Despite being extremely over-the-top and obviously fake, many viewers began flooding the G4 forums asking when the show would air, and if Sessler was really leaving X-Play. On several occasions, Sessler has since publicly announced that the show was in fact an April Fool's Day joke. However, he had a podcast called Sessler's Soapbox as well as Feedback, where he discussed various gaming topics with other G4 correspondents and guests until late 2011, when he was replaced by Blair Herter.

On April 25, 2012, Sessler's employment contract was terminated by G4TV. No reason was given for his termination. As of October 2012, he is listed as a judge on Syfy's reality competition Viral Video Showdown.

On November 12, 2012, Sessler announced that he was joining Revision3. He remained with the network as Editor-in-Chief and Executive Producer of games content at Rev3Games until April 2014, when he announced his departure to "explore new opportunities" within "gaming that help further the medium".

On April 2, 2014, Adam Sessler announced he was leaving Revision3 and would pursue a career outside video game journalism.

On June 9, 2014, Sessler appeared as a panelist on Spike TV's coverage of E3 2014.

On June 19, 2015, he was featured as pre-show and post-show host of the Bethesda Game Studios E3 event alongside his past co-worker Morgan Webb.
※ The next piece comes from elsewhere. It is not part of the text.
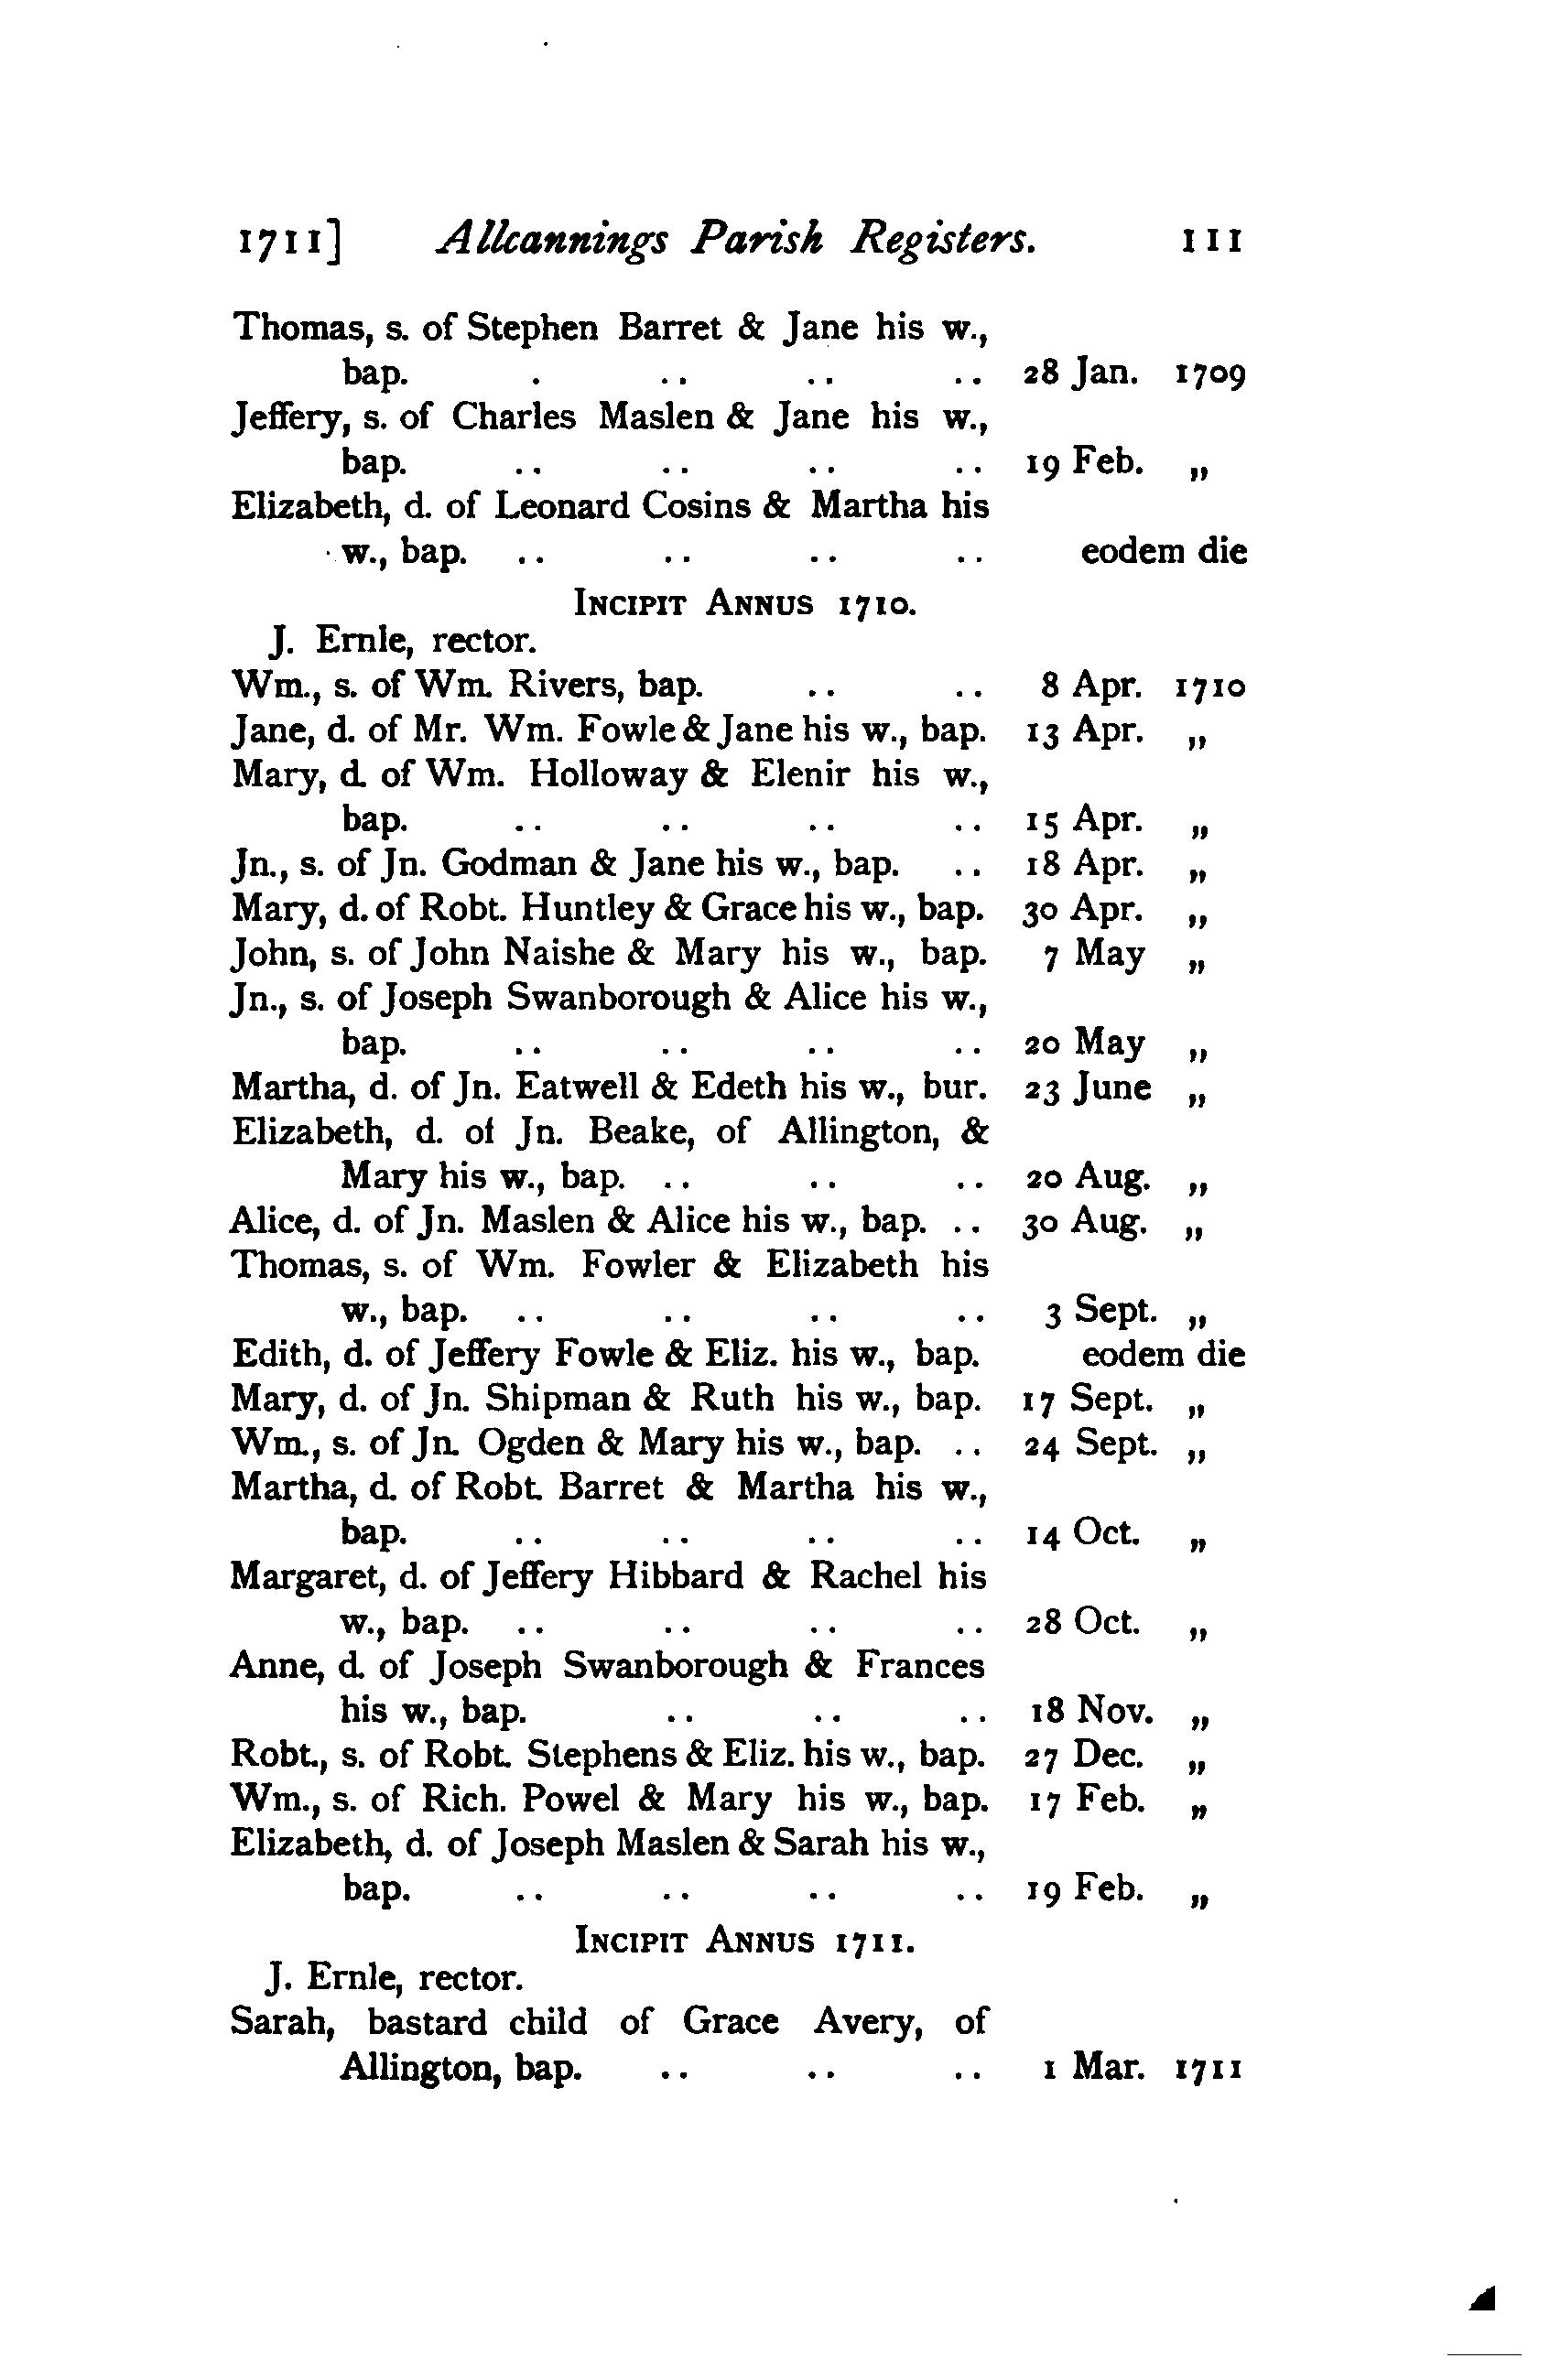 1905 transcript showing baptism of John Swanborough in 1710

In 2016, Sessler co-founded Spiketrap, an AI-based social media intelligence platform, with Kieran Fitzpatrick, who serves as its CEO. Spiketrap’s first customers have been video game publishers such as Ubisoft, Bethesda, and 2K. Sessler left the company in March 2020.

On February 12, 2021, G4 announced that Sessler would return to host Xplay on the relaunched television network, though the network ceased operations on October 16, 2022.